## Exercise instructions
Pictures are not part of the copy. Set down exactly the lines from the one containing "DAKINE Kodiak GORE-TEX" through the last line of the material below.

## Input data
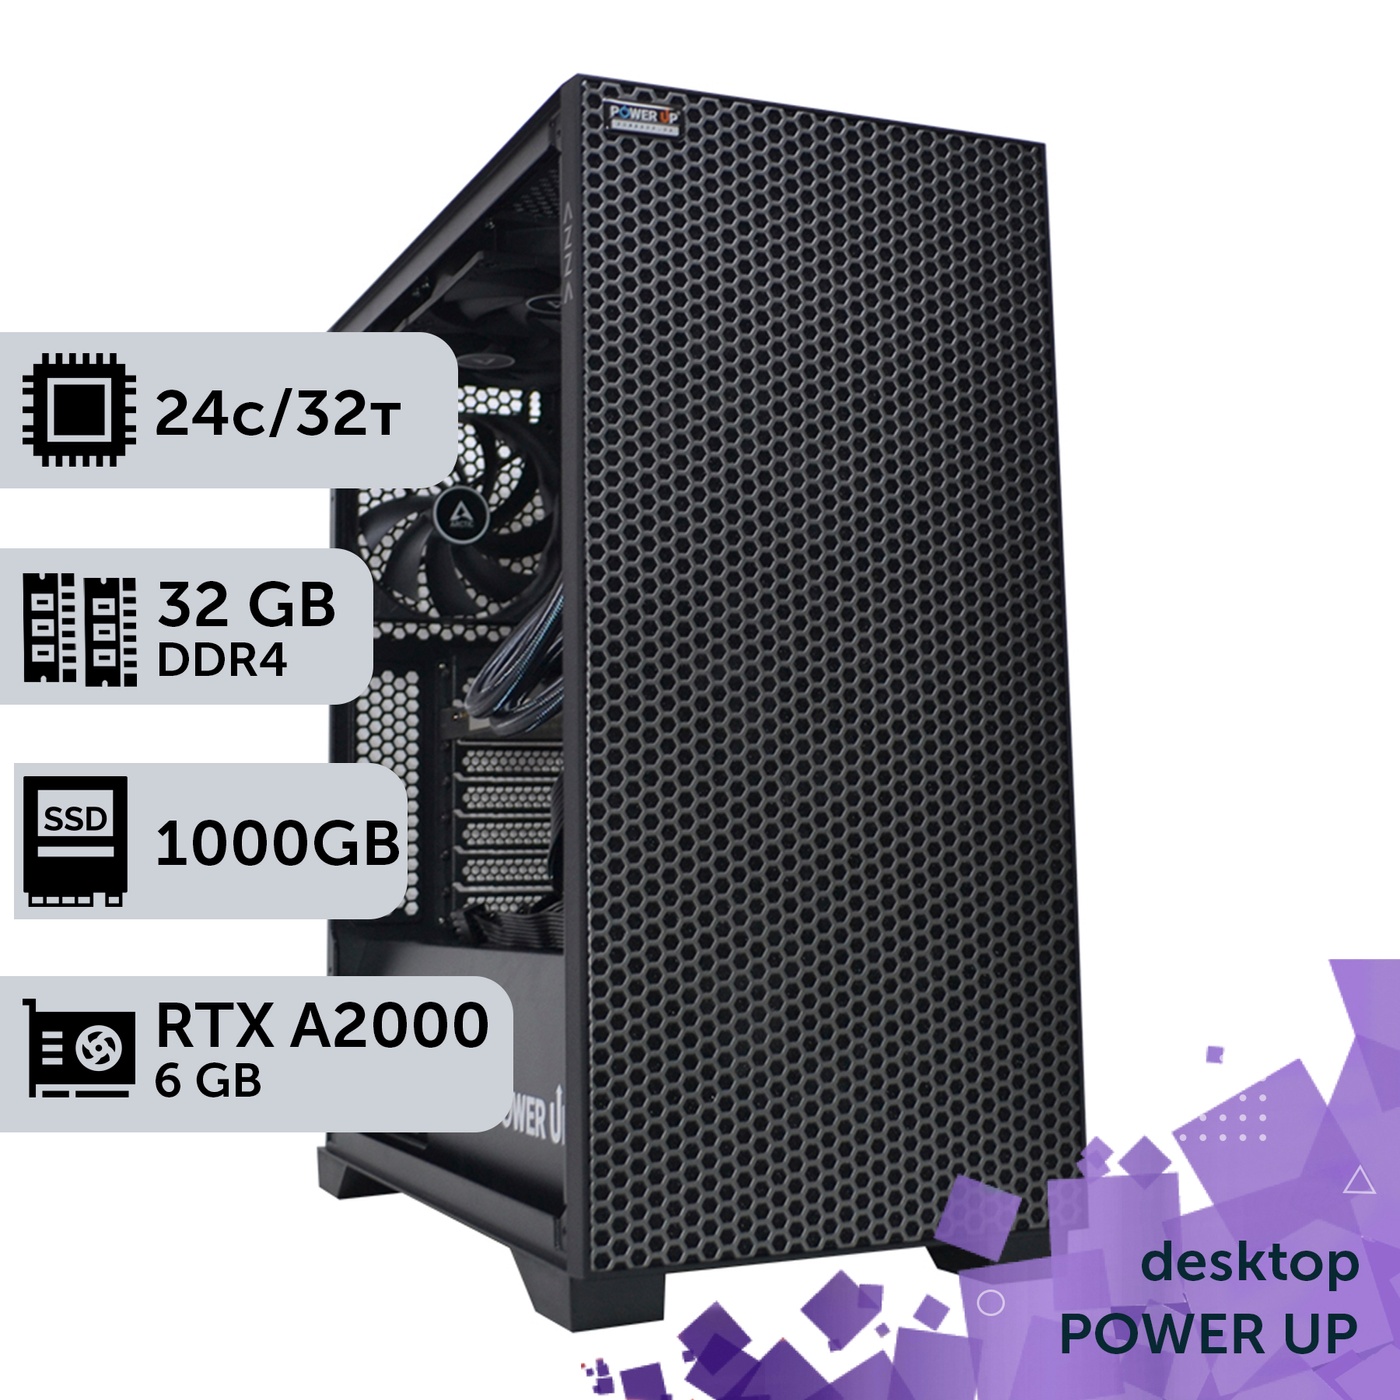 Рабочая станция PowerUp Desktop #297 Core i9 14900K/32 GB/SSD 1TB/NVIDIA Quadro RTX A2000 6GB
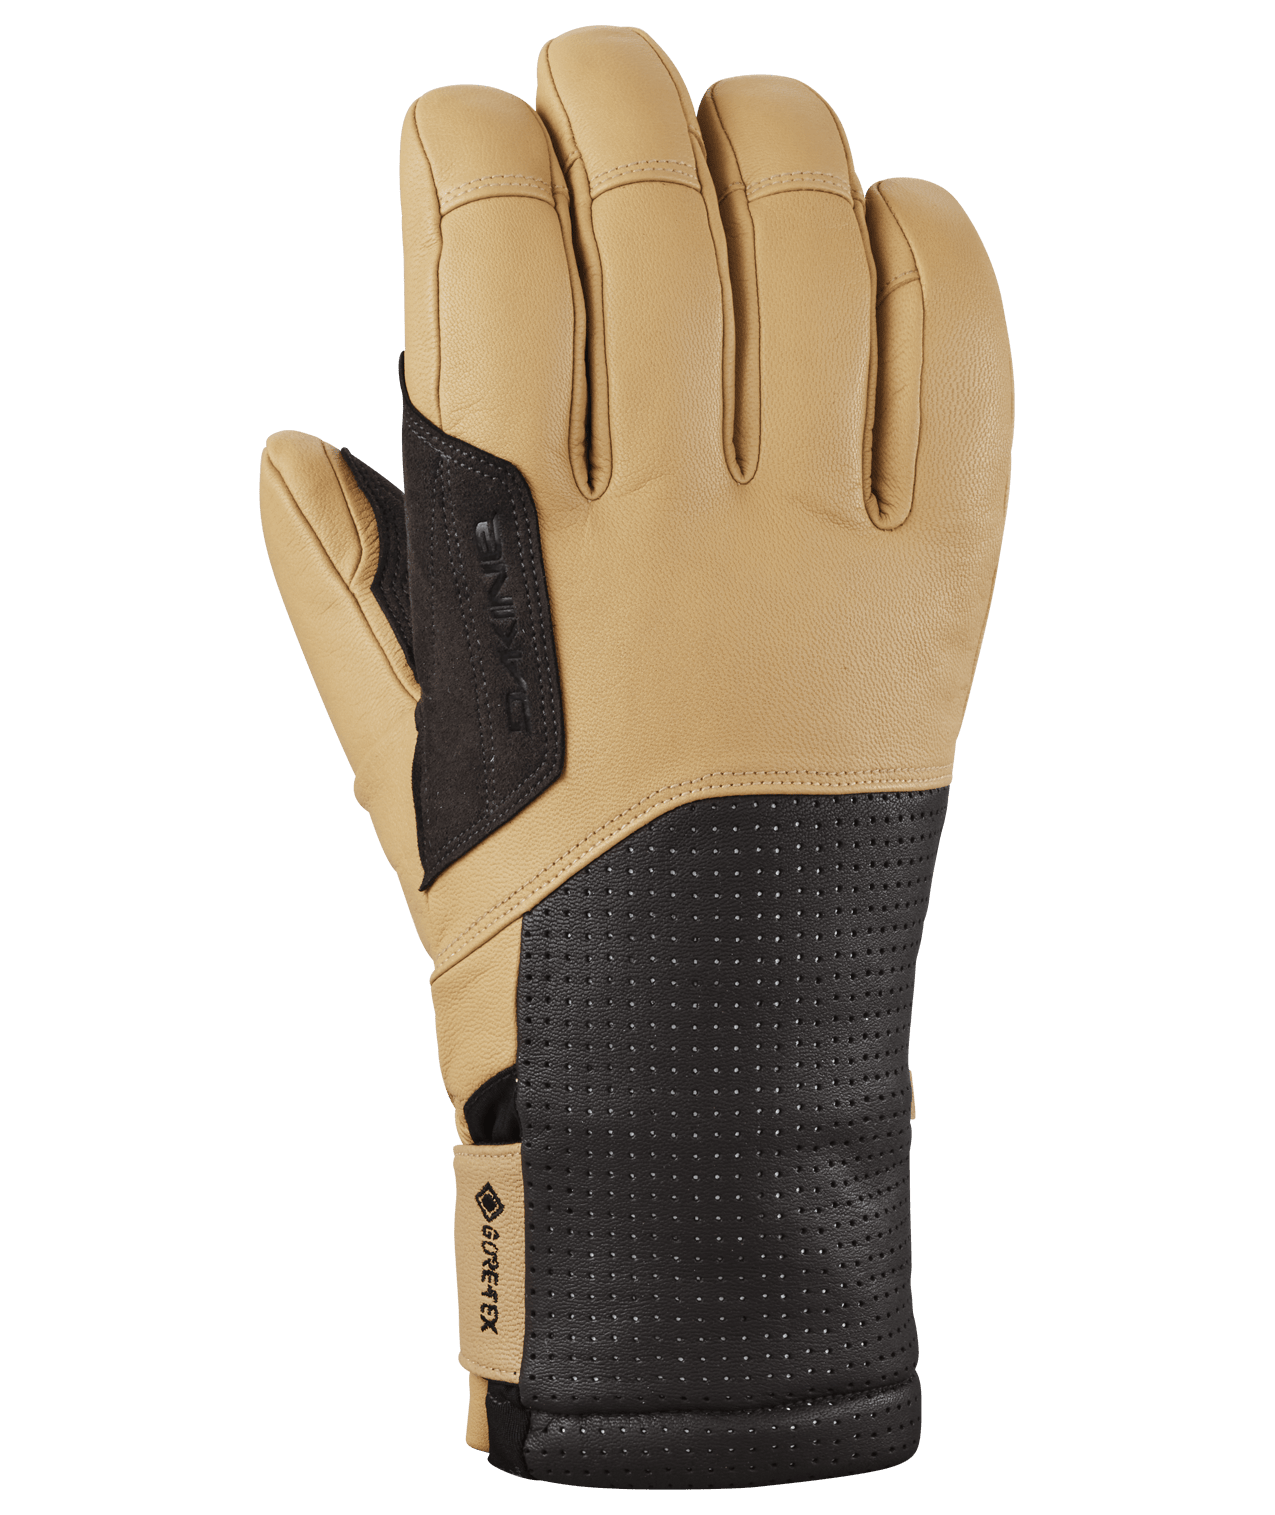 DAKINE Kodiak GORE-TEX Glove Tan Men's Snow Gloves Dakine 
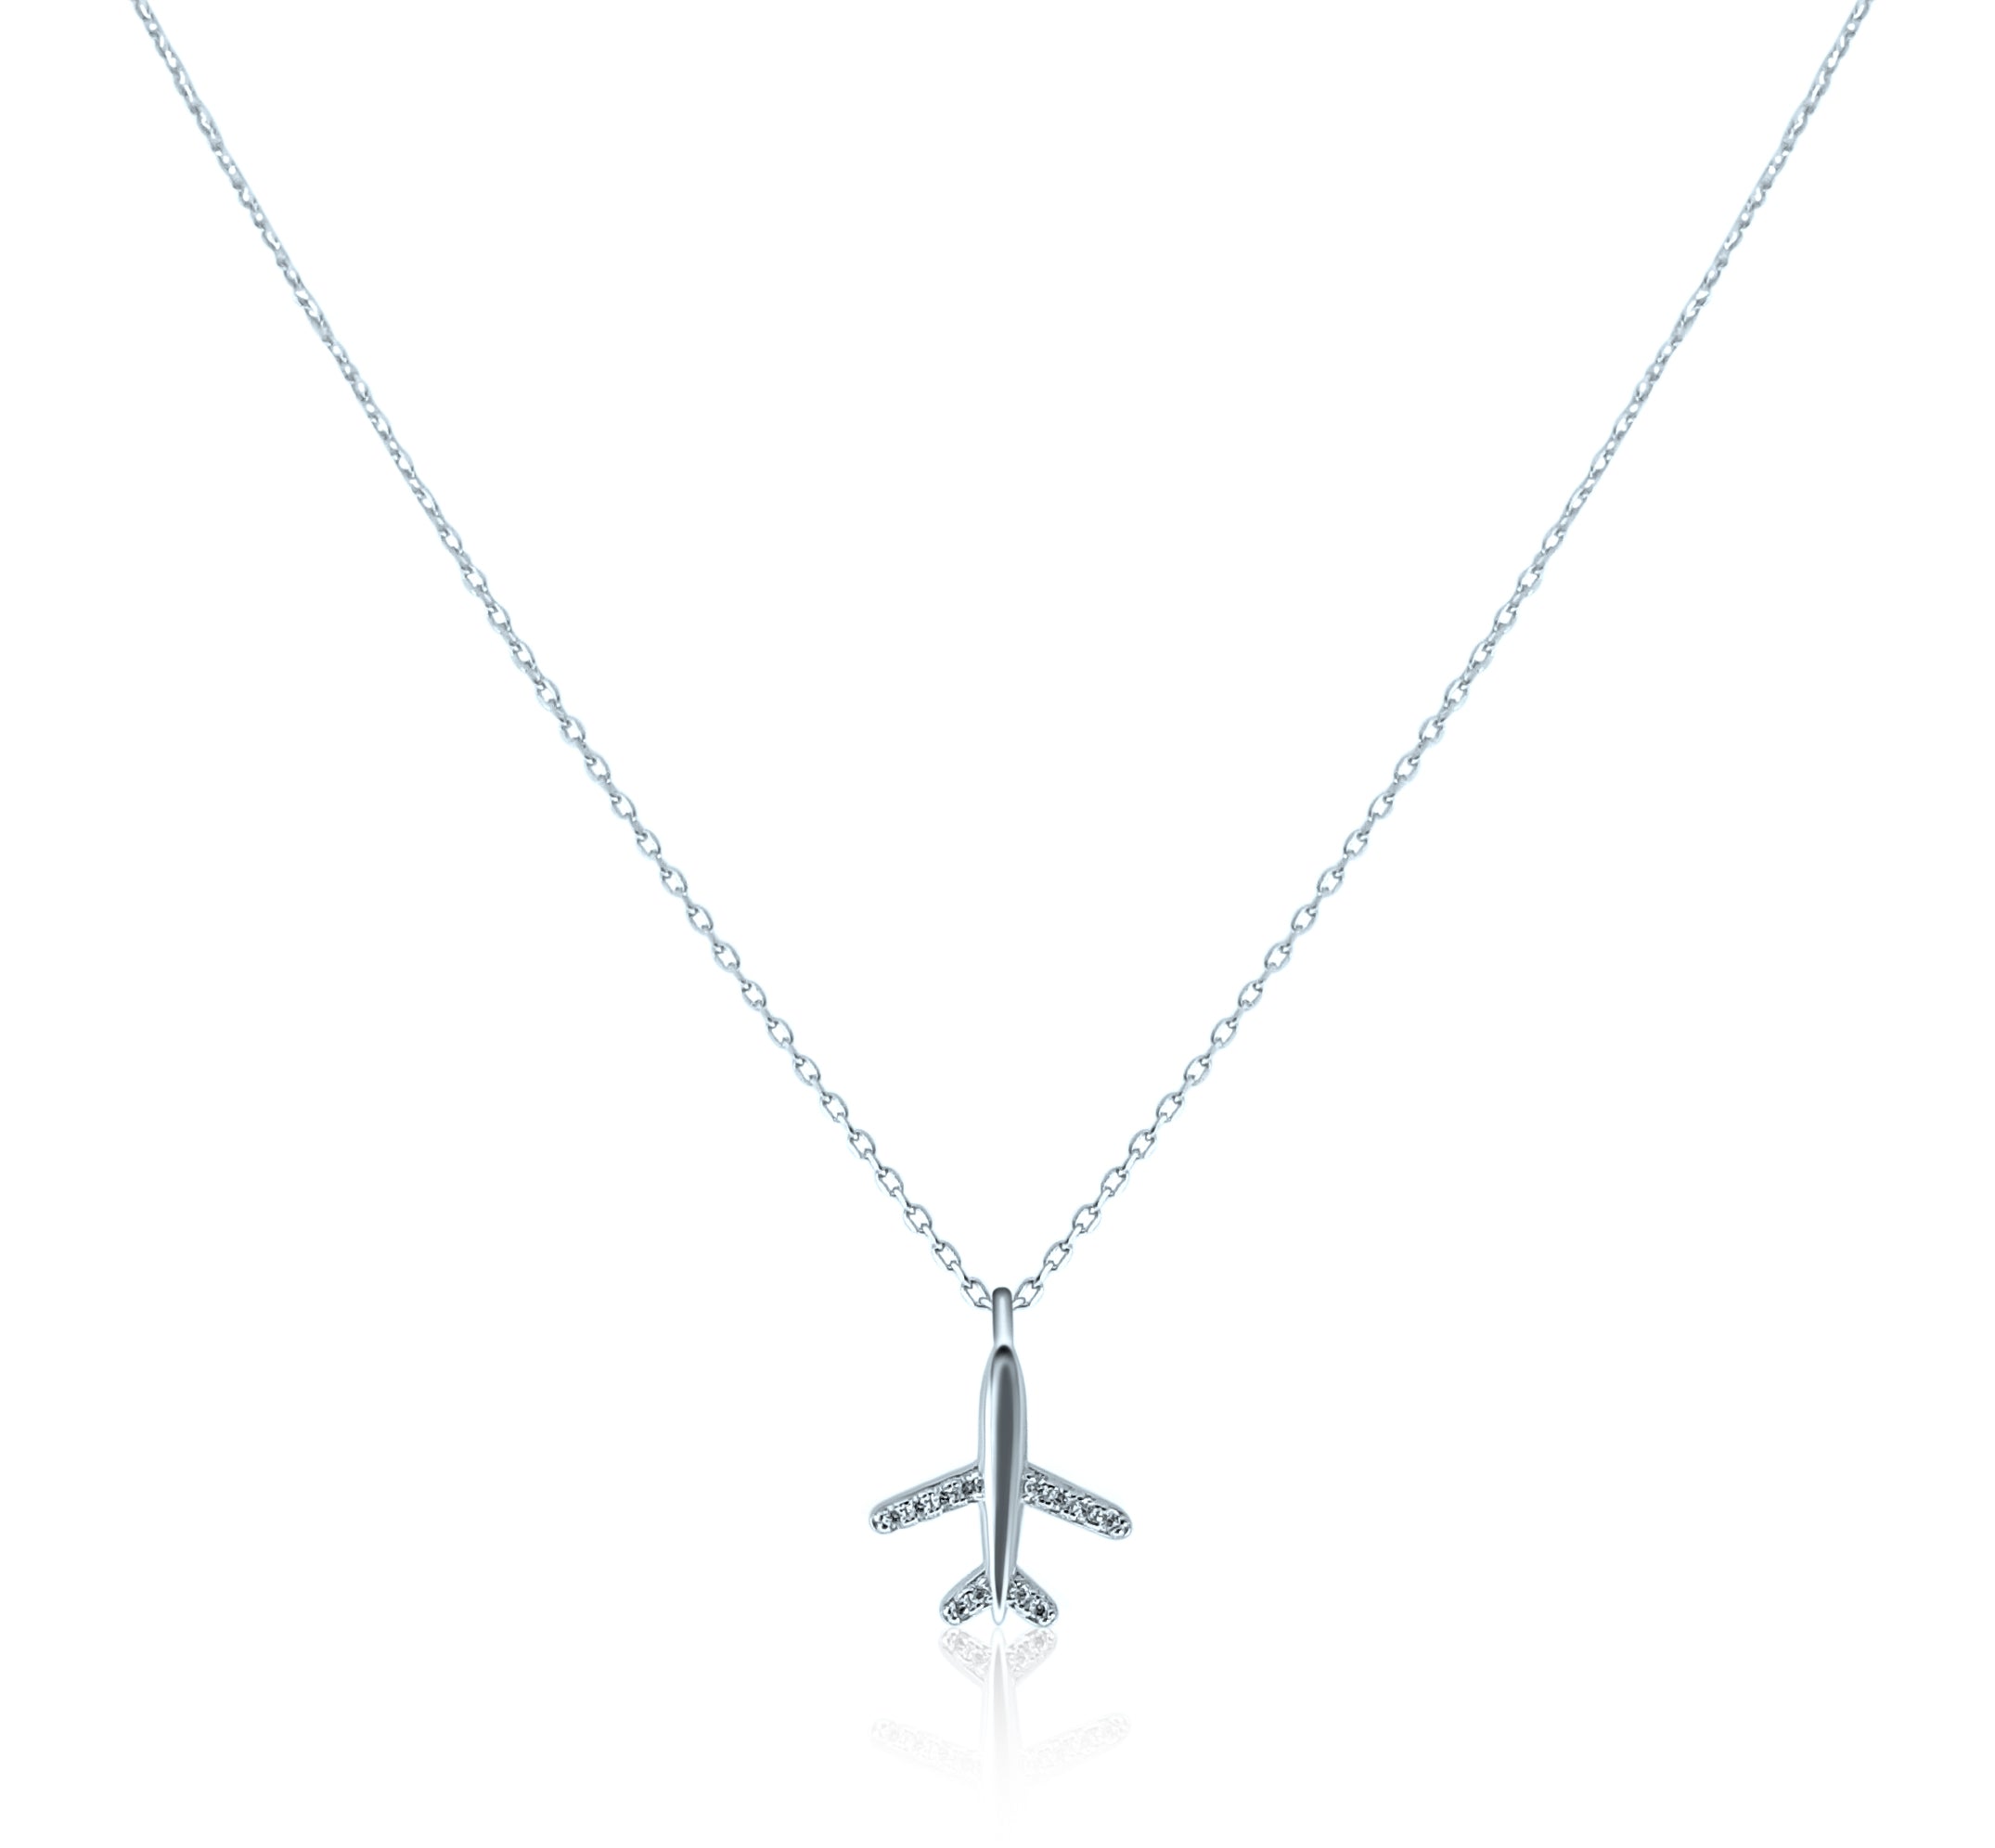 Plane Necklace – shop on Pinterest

## Exercise result
 DAKINE Kodiak GORE-TEX Glove Tan Men's Snow Gloves Dakine 
 Plane Necklace – shop on Pinterest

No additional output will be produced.